Just to recap my views on taxes, budgets, and economic growth, I think that

  1. The federal government’s spending more than it takes in is probably benign as long as the growth in aggregate product is greater than the deficit.
  2. With the deficit running at more than 3% of the economy while the growth rate lags at below 2%, that’s not the case.
  3. If you’re going to run a deficit, use it to make investments.
  4. Consumption is not the same as investment.
  5. Borrowing to pay operating expenses is a bad idea even if you’re the federal government. It’s even worse when you’re Chicago.

We can probably keep getting away with our profligate ways as long as the dollar is the world’s reserve currency. We can’t rely on that forever so it might be a good idea to start making better habits.

Even with all of that said, you can’t ignore deadweight loss. It wasn’t stupidity or a universal longing for freedom that killed the Soviet Union or that’s causing China trouble now. It was deadweight loss. Which is just another way of saying that bad decisions made over a long enough period of time have a way of coming back to bite you in the butt.

5 comments… add one
  • PD Shaw Link

    Very weird article you found. The journalist appears to be a specialist in middle east issues. Most personal finance writers abhor over-withholding.

    But taken as finding a sliver-lining, my main reaction on the day before tax day is that the interest rates are too low, and for most Americans the amount of interest earned during the year is far too low to be taxed. This is nuisance reporting. The first $10 in interest income in a federally-insured account(s) should not be taxed.

    And part of the underlying problem the article points to is the inability of most Americans to save beyond their paycheck. Low interest rates are part of this. Is an arbitrary forced-savings provisions a solution? Doubtful, most people who need such gimmicks to accumulate found money are not going to use it to “buy a car” or “go to college.”
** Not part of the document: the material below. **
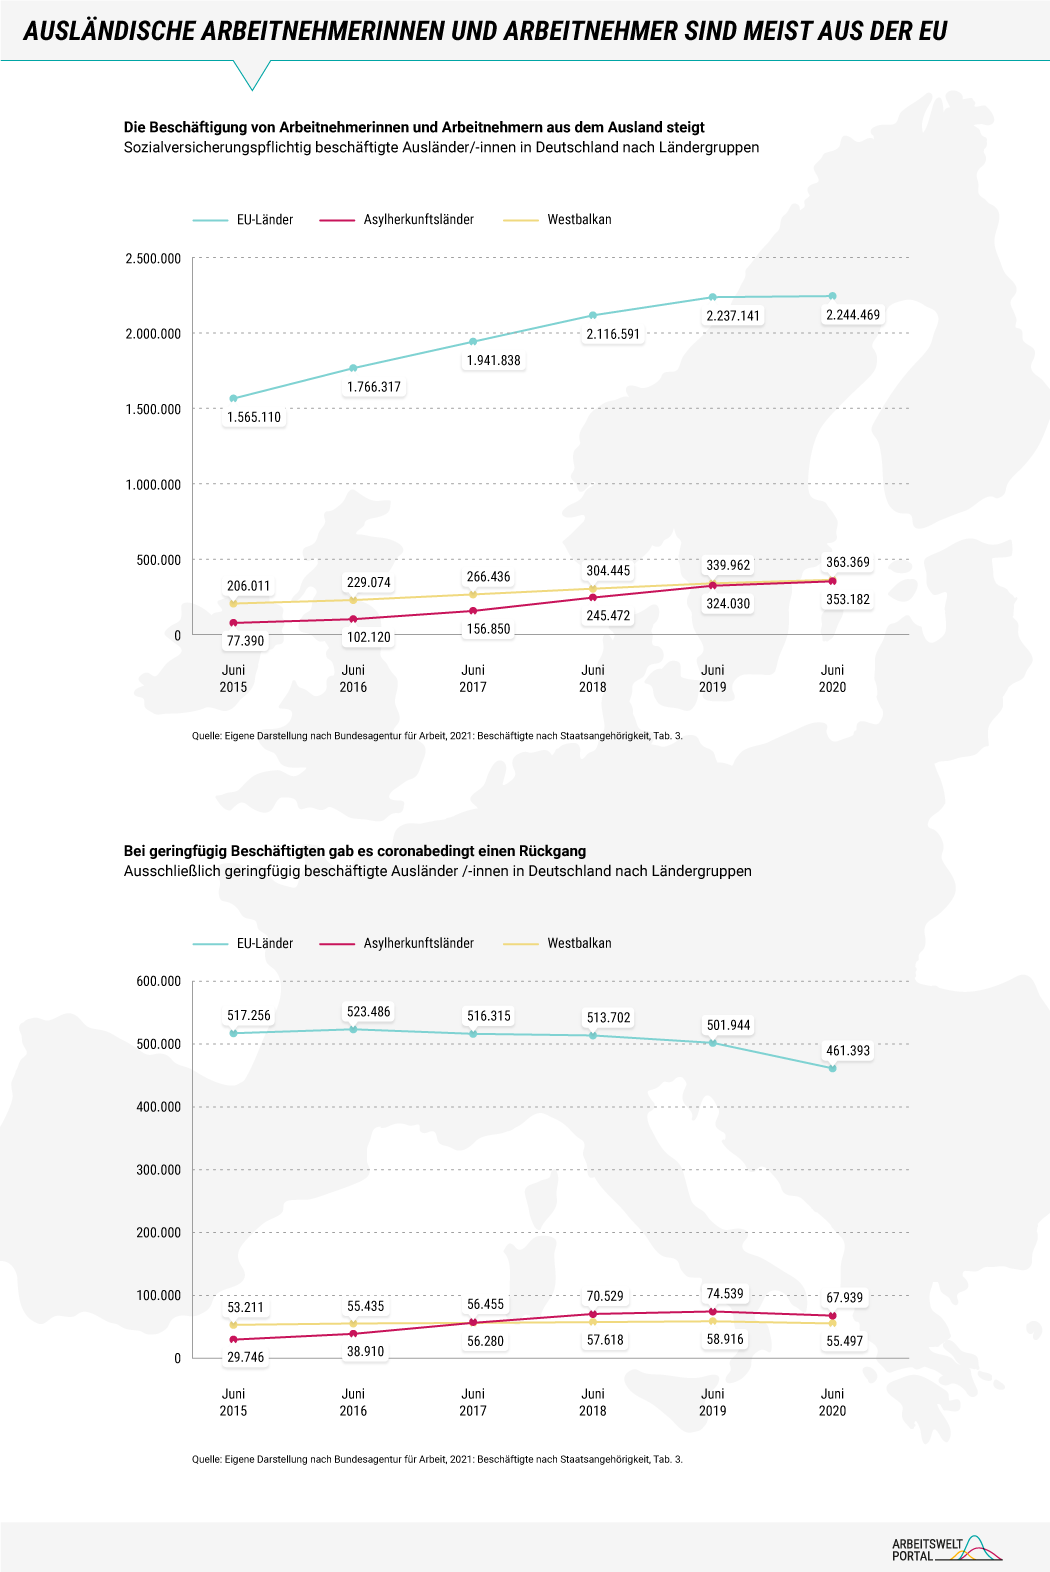 Die Infografik ist in zwei Abschnitte unterteilt und zeigt zunächst die Entwicklung von ausländischen sozialversicherungspflichtigen Beschäftigtengruppen in Deutschland zwischen Juni 2015 und Juni 2020. Die meisten ausländischen Erwerbstätigen kommen aus der EU, deren Anzahl hat sich von knapp 1,6 Millionen auf über 2,2 Millionen innerhalb von 5 Jahren erhöht. Die Beschäftigung von Geflüchteten hat sich im gleichen Zeitraum von über 77.000 auf über 350.000 erhöht. Eine etwas größere Gruppe bilden Beschäftigte aus den Westbalkan-Ländern, die von 206.000 auf über 363.000 angestiegen ist.   Die zweite Grafik zeigt die Entwicklung von ausländischen geringfügig Beschäftigten. Auch hier dominieren Erwerbstätige aus der EU, deren Zahl allerdings im Zuge der Corona-Pandemie auf zuletzt 461.000 gesunken ist. Geflüchtete und Erwerbstätige aus den Westbalkan-Ländern sind eher selten geringfügig beschäftigt. Deren Zahl betrug 2020 knapp 68.000 bzw. 55.000 Beschäftigte.

    What is the average income of someone receiving this $2,800 in over-withholding? Do they make enough money to pay their regular expenses? Have they saved at least three months expenses? What did they do wrong that government policy is used to trick them into creating customers for Wal*Mart and Amazon?

  • PD Shaw Link

    I’m clearly more focused on the withholding aspect, than the gray area of aggregate demand prodding:

    The purpose of withholding is to make sure people pay their taxes, and reduce collection costs for the IRS.
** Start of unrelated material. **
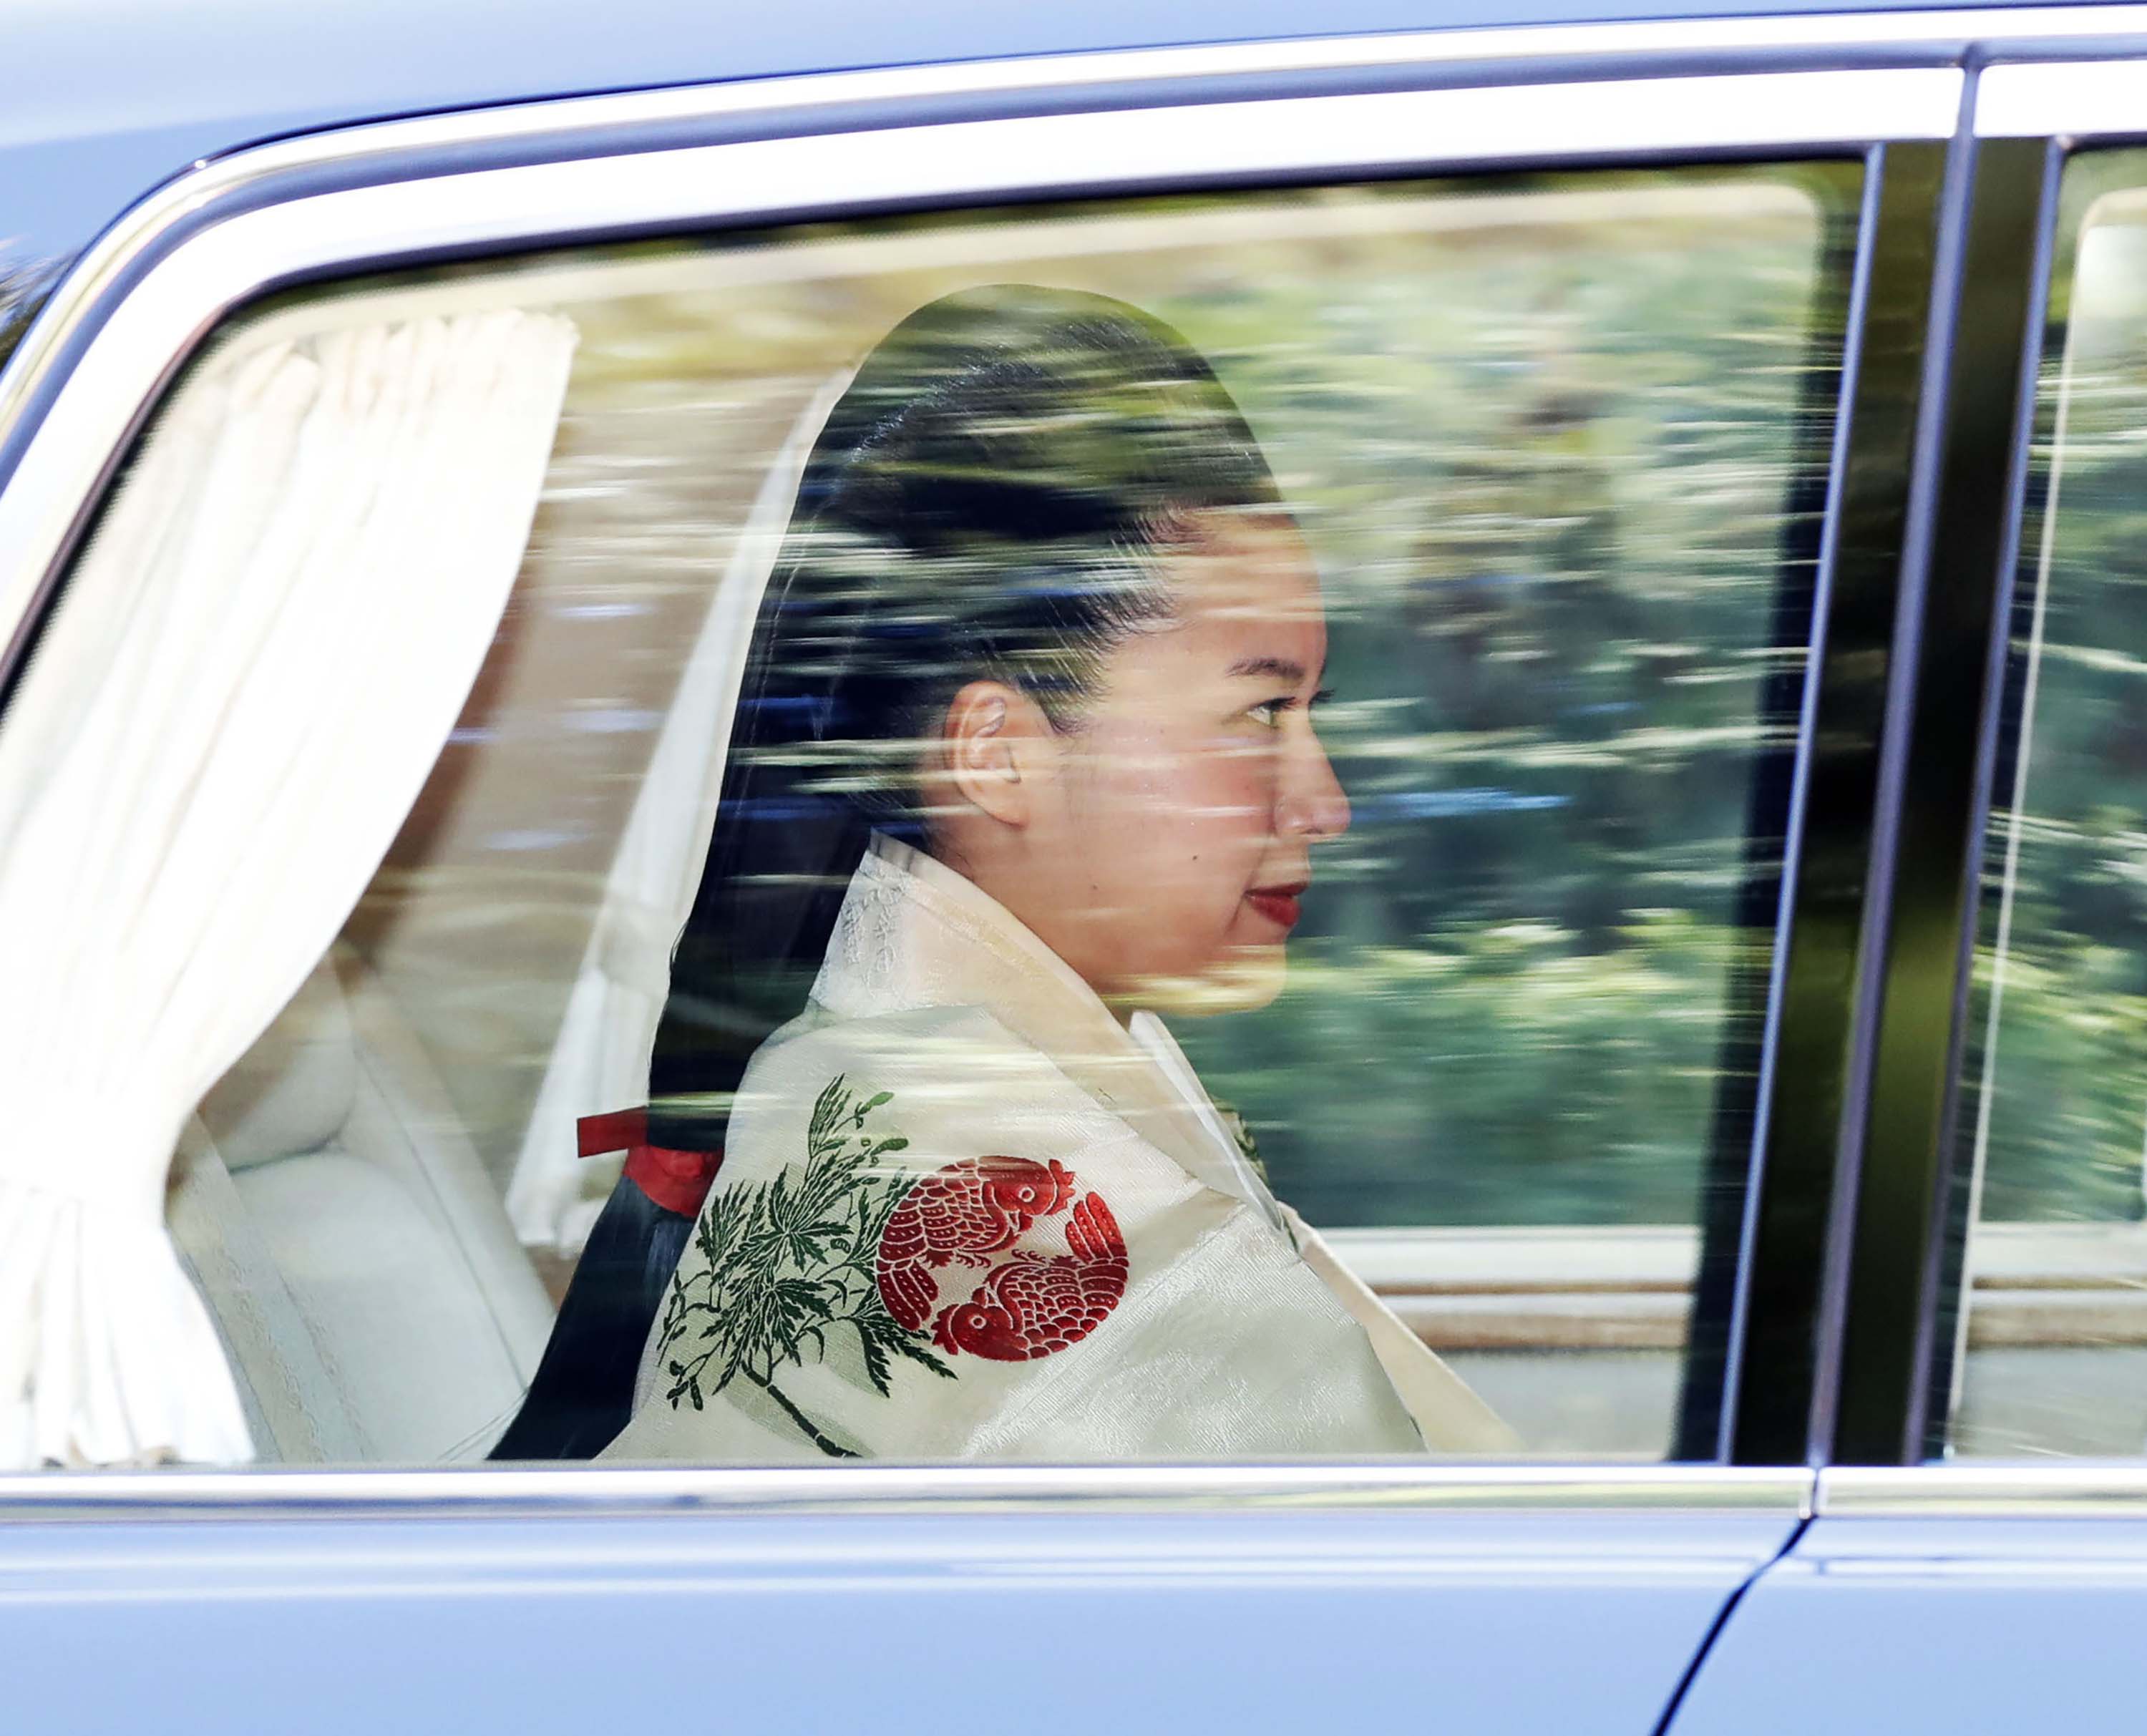 Japan's Princess Ayako renounces her royal status as she marries

    In theory, the government could withhold all of the money and never have collection concerns, but the only metric that makes sense to me is that optimal policy is to withhold as close to the amount that will be owed as possible.
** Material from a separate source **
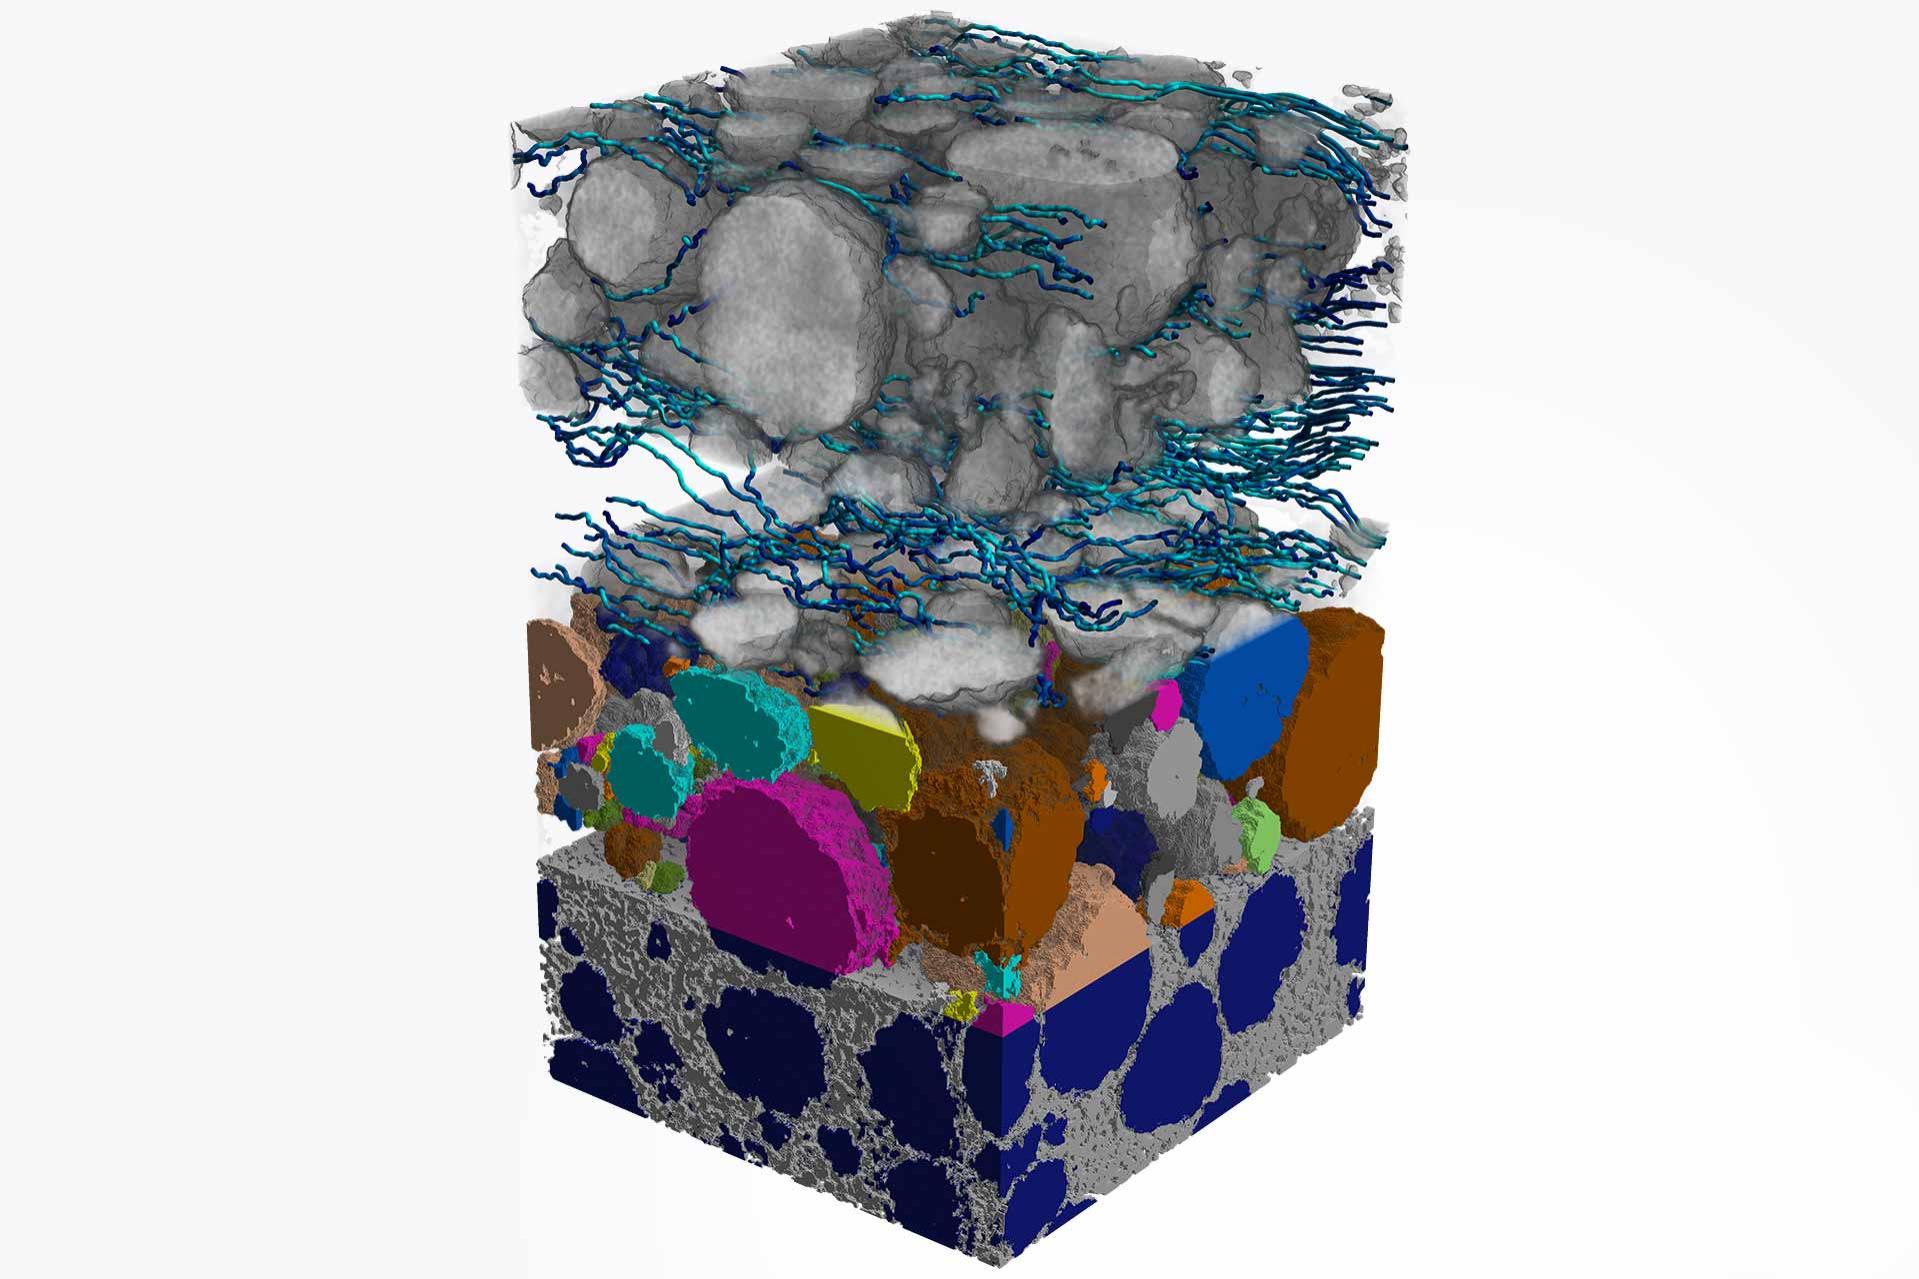 Imagerie par nanotomographie à rayons X 3D et simulation numérique de matériaux pour cartographier les comportements de diffusion

    26% of people use their IRS reimbursement to pay for food and utilities. 30% of people will use it to pay down their debt, i.e., they have spent more than they make. This withholding is immoral. It takes money from those that need it for basic necessities for the convenience of the government. It does not become more moral because this harm might help merchants or the general economy (though it might not).

  • Andy Link

    I did our taxes with TurboTax online in February and discovered we owed money this year. So naturally, we didn’t complete the return and pay until this past Friday. The fact that we owed money didn’t stop an endless stream of emails from intuit urging me to complete my return so I could get my refund faster. It was annoying, but I guess in this case it’s probably a good thing the right hand didn’t know what was in the left.

  • steve Link

    It isn’t that difficult to adjust your withholding. I think many don’t bother so they have an enforced savings plan of sorts.

    Steve

  • Guarneri Link

    “A” is probably true, but proper credit mgmt would argue for “the deal has to get better over time” before something happens………like “b.”

    That’s a credit death spiral. It is also where we are currently headed. Next stop – debauched currency.